Subtitle Synchronizer - with the application of AI and Probability concepts
Subtitle Synchronization is an interesting problem to solve with the application of Machine Learning and Probability.
There are already quite a few python libraries that deal with this problem and this library is inspired from a famous library called 'autosubsync'.
Subtitle Synchronization has two major processing steps:
--> Vocal section identification This processing is associated with identification of vocal section present in video file. This library uses Spleeter, open source audio separation library for this purpose and then uses audio processing technique to build the vocal classification model.
This library differs from 'autosubsync' on this step. 'autosubsync' uses the labeling of vocal section with reference from SRT file. This has some inherent limitations with regard to purpose of SRT file. We would like to address this limitation with the application of Spleeter and other vocal processing techniques.
We achieve very high accuracy with the current method and we believe this improved accuracy would have a positive impact on the overall accuracy of subtitle synchronization.
--> Subtitle correction Subtitle timing correction based on 'Vocal Classification' results is second and final process involved in this activity. Here, we reuse the processing of 'autosubsync' library completely. Author of autosubsync has done an outstanding job in applying 'bernoulli equation' in solving this step. It was a very good learning for us to understand the application.

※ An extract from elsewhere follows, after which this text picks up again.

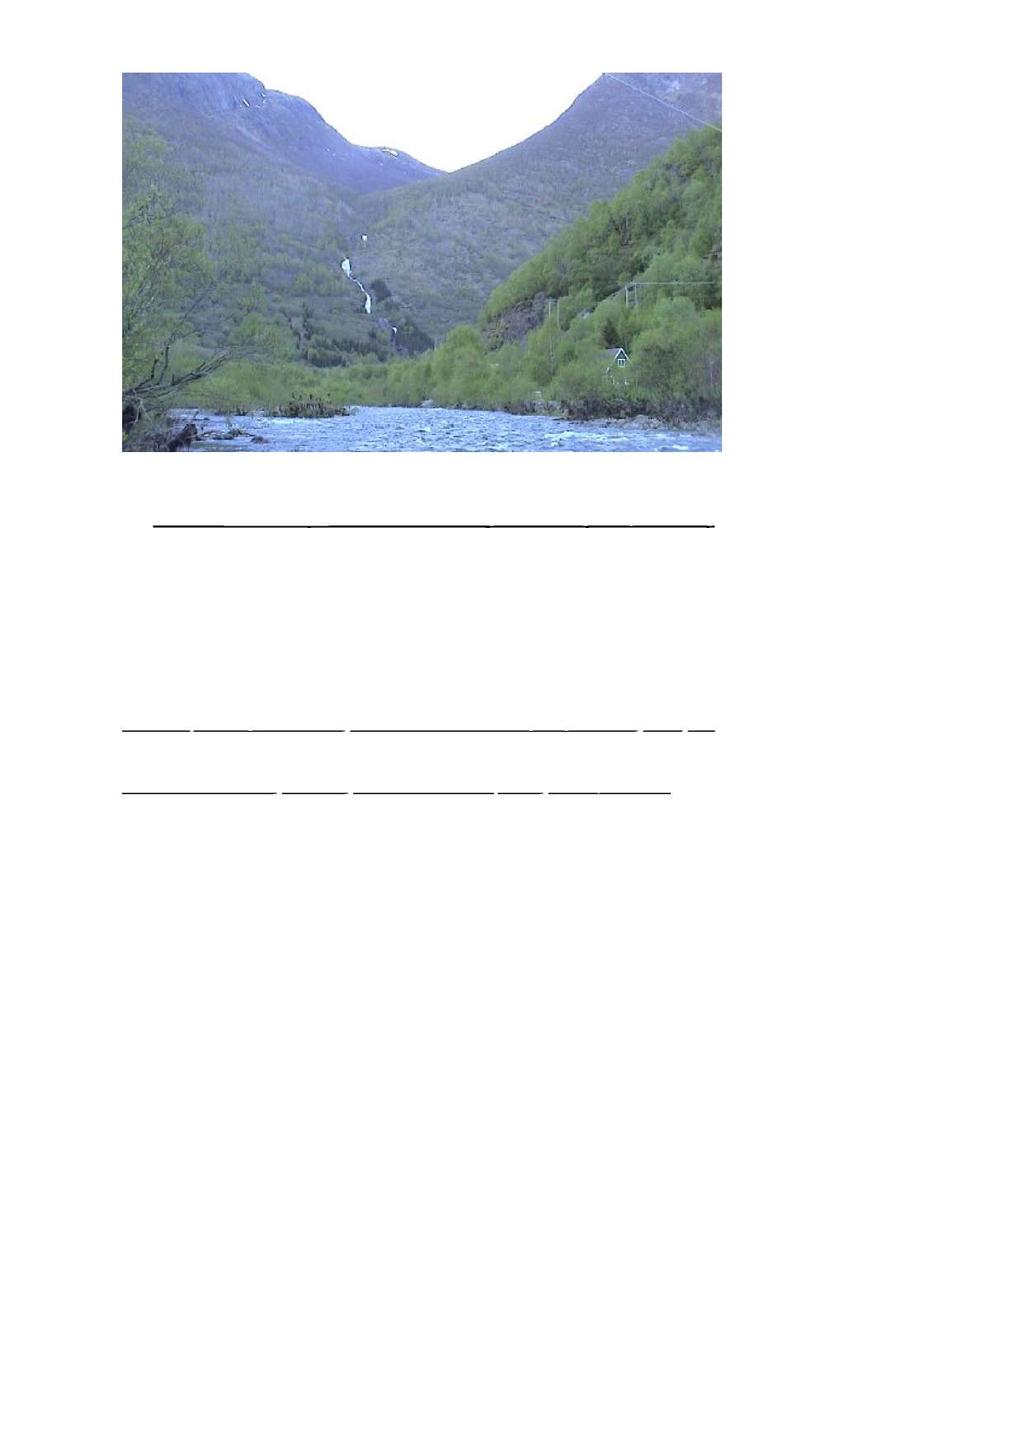 Side 5 av 8 Volldøla nedanfor planlagt inntak. Lærdal s elvi i framgrunnen. 2.

Pls refer this blog for the detailed information about the processing involved in this library.
Installation
macOS / OSX
Prerequisites: Install Homebrew and pip. Then install FFmpeg, spleeter and this package
brew install ffmpeg
pip install spleeter
pip install subtitlesynchronizer
Linux (Debian & Ubuntu)
Make sure you have Pip, e.g., sudo apt-get install python-pip
.
Then install FFmpeg, spleeter and this package
sudo apt-get install ffmpeg
sudo pip install spleeter
sudo pip install subtitlesynchronizer
Note: If you are running Ubuntu 14 (but not 12 and 16, which are fine), you'll need to jump some more hoops to install FFmpeg.
Usage
subtitlesynchronizer [input movie] [input subtitles] [output subs]
# for example
subtitlesynchronizer plan-9-from-outer-space.avi \
plan-9-out-of-sync-subs.srt \
plan-9-subtitles-synced.srt
See subtitlesynchronizer --help
for more details.
Development
Data Generation
- For Vocal audio files, we referred 'LibriSpeech' dataset. Refer this link
- For non-vocal (background noise/sound), we referred Urban Sound dataset from here
- For non-vocal (mute sound), we used spleeter and pydub to extract mute sections from given video file. Refer training/generate_mute_signals.py file to generate mute signals.
Training the model
- Collect about 1000 vocal audio files and put them
in a folder called
audioFiles/1
- Collect about 1000 non-vocal audio files and put them
in a folder called
audioFiles/0
- Run (and see)
train_and_test.sh
. This- creates
subtitlesynchronizer.trained.model.bin
- runs cross-validation
- creates
Synchronization (predict)
Assumes trained model is available as subtitlesynchronizer.trained.model.binn
under SubtitleSynchronizer
folder
python3 SubtitleSynchronizer/main.py input-video-file input-subs.srt synced-subs.srt
Build and distribution
- Create virtualenv:
python3 -m venv venvs/test-python3
- Activate venv:
source venvs/test-python3/bin/activate
pip install -e .
pip install wheel
python setup.py bdist_wheel